At first glance, we want nothing past denotative meaning. We get the literal meaning, forget the word, and move on. We don’t even bother rolling the word around in our mouth, tasting it before we swallow a meaning, minding our manners. The sentence got us to where we wanted to go; no need to get out and look under the hood. And we often keep connotative meanings, when we do experience them, to ourselves. And denotative meanings are fairly reliable, often going unchanged for long periods of time, while connotative meanings may change relatively quickly. We might first associate the color red with love, roses, and amorous adventures, but when Stephen Crane titled his novel about the Civil War The Red Badge of Courage, we may safely assume he was thinking the color of red might suggest something more along the lines of fear, blood, violence, and sacrifice. In the earlier parts of the 20th Century, and particularly during the 1950’s in the US, the word red was often used to suggest an association with communism, as in “the Red Scare”; a reference to a “red state” today appears to reverse that connotation. And then there’s true blue, Mary’s color.
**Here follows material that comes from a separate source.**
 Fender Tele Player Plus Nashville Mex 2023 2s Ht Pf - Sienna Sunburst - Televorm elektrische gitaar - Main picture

For some reason, for Robert Burns, in his poem “A Red, Red Rose,” a single red was inadequate. Why does he repeat the word red in the title and the first line? Does he simply mean a very red rose?
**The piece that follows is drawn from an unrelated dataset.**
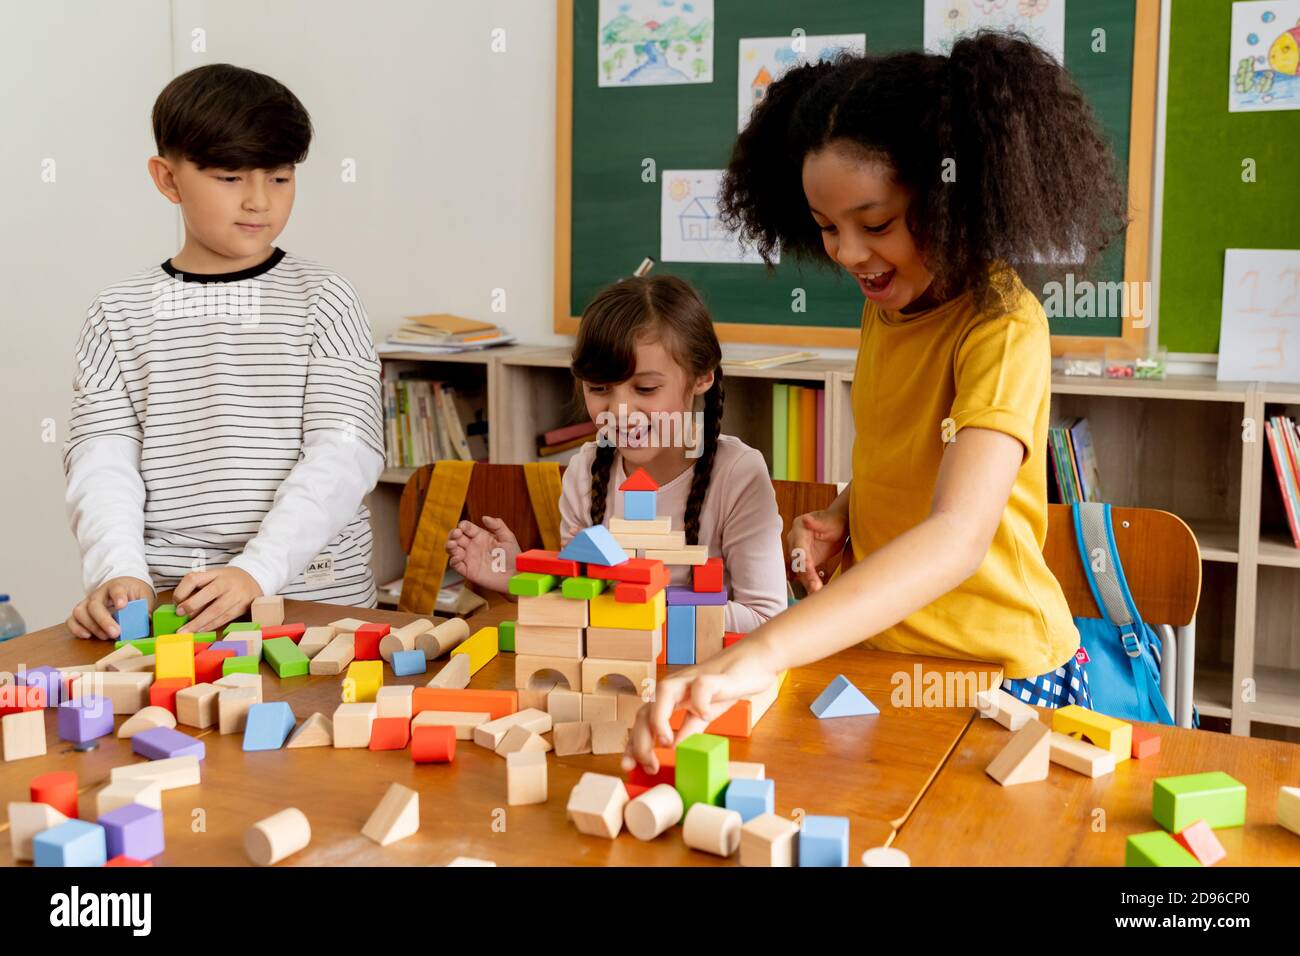 Gruppe von multiethnischen Schulfreunden mit Spielzeugblöcken im Klassenzimmer, Bildung, Lernen, Teamarbeit. Kinder spielen mit Holzblöcken im Klassenzimmer Stockfoto

O my Luve is like a red, red rose
That’s newly sprung in June…
For William Blake, in his poem “The Sick Rose,” primary red also seemed inadequate. How might our reaction to the poem change if Blake had said “Of red joy” rather than “Of crimson joy”?
O Rose thou art sick.
The invisible worm,
That flies in the night
In the howling storm:
Has found out thy bed
Of crimson joy:
And his dark secret love
Does thy life destroy.
Is Burns’s rose blushing? Is Blake’s crimson closer to the color of blood than red? How might our reading of Blake’s “The Sick Rose” change if the line read “Of bloody joy”?
Even if we don’t make an effort to think consciously about the effects of words upon our reading experience, connotative meanings influence our comprehension and reaction. It is difficult to avoid the effects of connotation, of suggestive meanings. Remember the effect of the sound of fingernails being scraped on edge across the face of one of the green chalkboards back in grammar school? Words make noise. Noise soothes or grates. Words have texture and color and flavor. Some words are soft, mushy, others strong, firm. We like some words; we dislike others. When we get a bunch of words together we don’t like, we might say poetry, and spit them out. Or there’s been a stampede, words running ruddy and rubescent, out of the corral. But we can always brush away the ruddy gnats and make banana bread.